Yearly Archives: 2008

It must be muscle

Back in late September — about a year after I started working out regularly — I hit a plateau. The lowest I've reached is about 167 pounds, and I've bounced back to an average of 170 ever since. Two pieces of equipment in the workout room of my apartment complex had broken down, and the manufacturer was taking its sweet old time repairing them. (Only in the last few weeks was the equipment working again.)

These confluence of events spurred me to do something different with my diet and exercise regimen. The Abs Diet was recommended in a few threads on Ask Metafilter, where I learned about The Hacker's Diet. I used the method of measurement in The Hacker's Diet to gauge my progress, and I figured if the Hive Mind were right about that, it would be right about this.

After reading through the book — and cringing at the writing — I went ahead and tried it out. I bought some dumbbells to substitute for the broken gym equipment, and I rearranged my diet to accommodate the "power foods" recommended by the author. I stopped watching calories, as instructed.

But I had some suspicions. Because I was at a plateau, I didn't think ignoring calorie counts would really help. That would be the point where calorie counting because more important.

A lot of the testimonies in the book came from people who lost 10-15 pounds in the six weeks promised by the book's subtitle. Thing is, I got those same results without using The Abs Diet. Those first few pounds are water, and five of them went missing in my first week of exerce. I lost 10 pounds from the very end of August to the very end of September. By October, I was down 17 pounds. During a plateau, I would not register such a change. If I did lose weight, I predicted it would be very, very nominal.
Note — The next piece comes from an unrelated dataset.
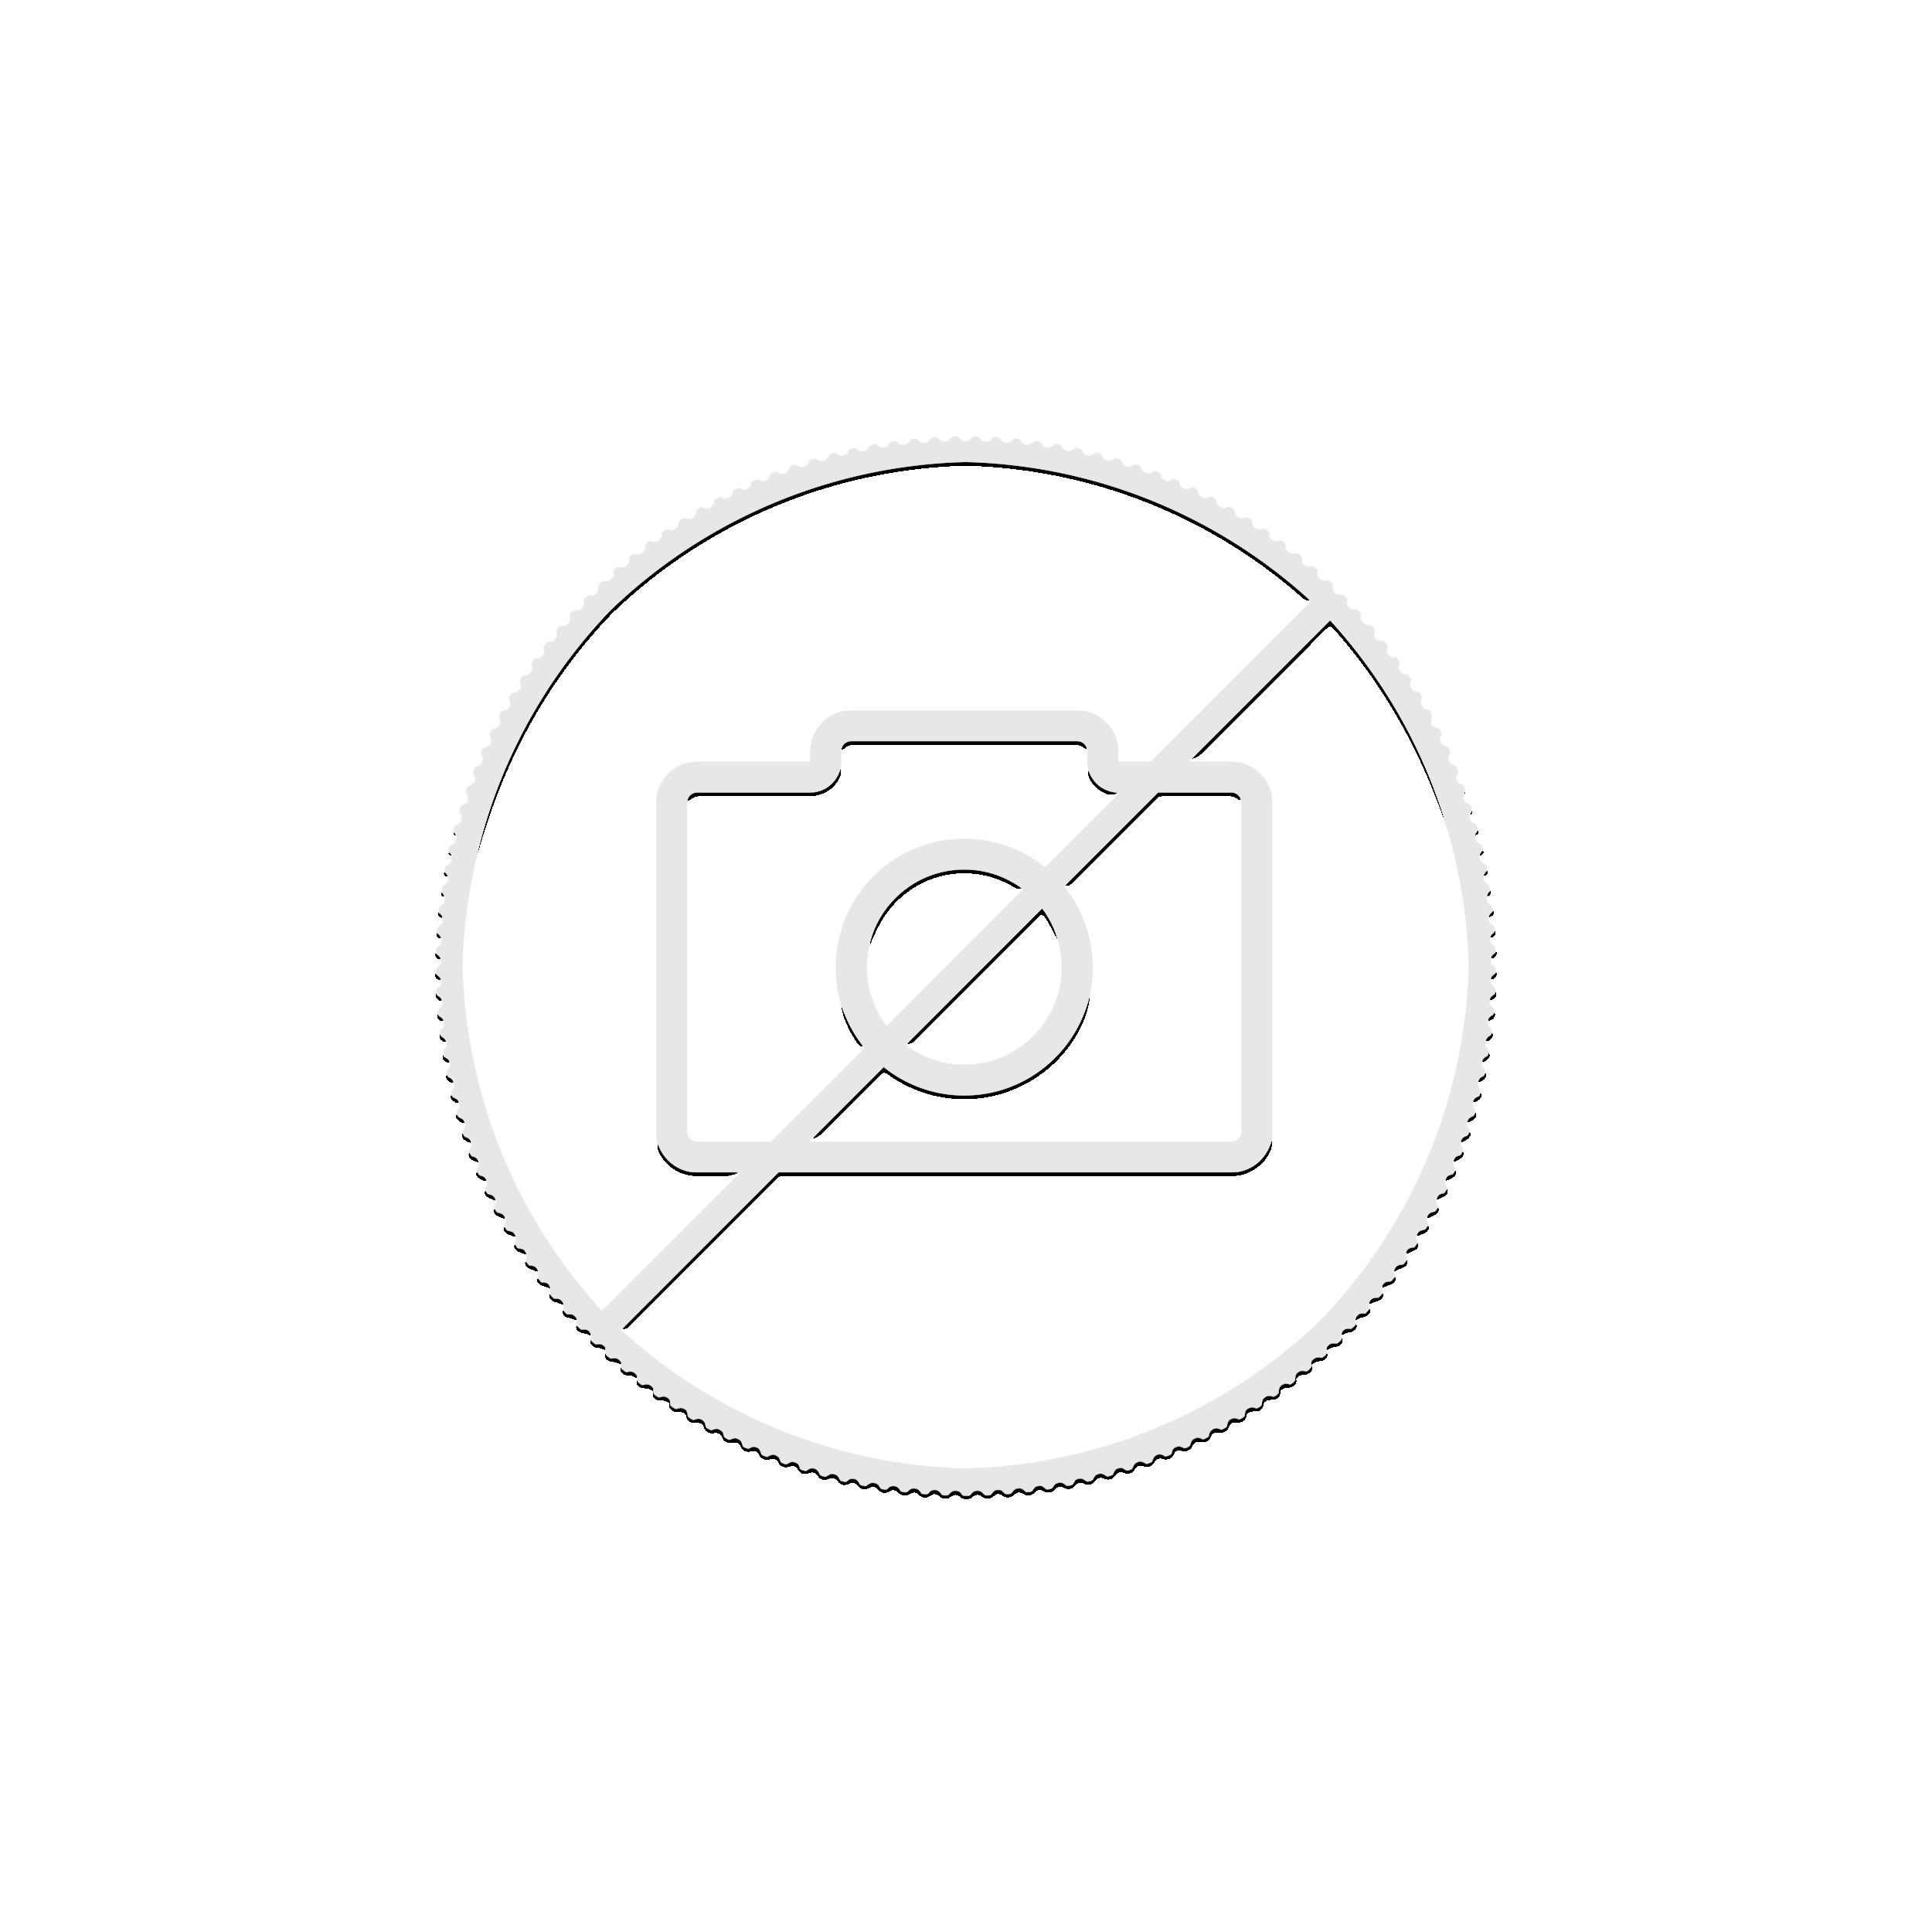 2 troy ounce silver coin Gustav Klimt 2020

The Abs Diet recommended snacking between meals, which I did at the start of my diet because the smaller portions at lunch and breakfast left me wanting more. But once my body started adjusting to the new portions, snacks actually got in the way. Now I don't snack, but I still eat those same small portions. If I try to eat the way I did before, I'd feel sick fairly quickly. I didn't want the snacking to get me into the habit of expecting bigger portions.

But I decided to follow The Abs Diet as closely as I was comfortable, regardless of my instincts. Over the course of six weeks, I gained five pounds.

It wasn't until the fourth week — when it was clearly obvious The Abs Diet was not doing what it promised — that I got a second scale with a body fat monitor. In the last two weeks of The Abs Diet, I consoled myself with the steady daily reading of my body fat — an average of 22 percent, which is considered an acceptable body fat percentage. The ideal for me is closer to 17 percent.

I even read on the BBS of the book's official site that The Abs Diet would make some people gain weight at first, but they would then lose it. Right.

Once the six weeks were finished, I ditched a few of the diet's guidelines. I stopped eating nuts when I saw the calories from fat consisted more than 30 percent of the recommended daily allowance. I stopped snacking because it felt better not to snack. I went back to watching my portions.

A few things I kept — I've started eating eggs on the weekends, if only to stop me from driving across town to get a bagel. I eat quite a bit of spinach and broccoli. And I still do the exercises demonstrated in the book.

I think The Abs Diet made me gain some muscle, but it wasn't enough to burn the remaining fat lurking around my gut. My weight seems to be trending more toward 169 than 172 now that I've adapted a few of the diet's ideas.

I still have 15 more pounds to go, but I'm not quite in a rush to get there. I haven't been 170 pounds in about eight or nine years, and I'm relishing it. It's also the holidays, so there's little point trying to be good in a season that encourages gluttony. When the new year comes, maybe then I'll start thinking drastically.

Subconscious

My mom's birthday is Dec. 10 (yesterday, relative to the timestamp of this entry), and I intended to call her to wish her happy birthday. I live in the Central time zone, and she lives in the Hawai`i time zone, which means the earliest I can call without waking anyone up is around noon. But she beat me to the punch and called me up at work.

I thought that was odd. She's not the type to ring someone up and ask them why they forgot her birthday. In fact, when I greeted her happy birthday, she had forgotten. She cares for my dad day-in and day-out, and it would be an understatement to say he's not in great health. That she would forget her own birthday didn't really surprise me.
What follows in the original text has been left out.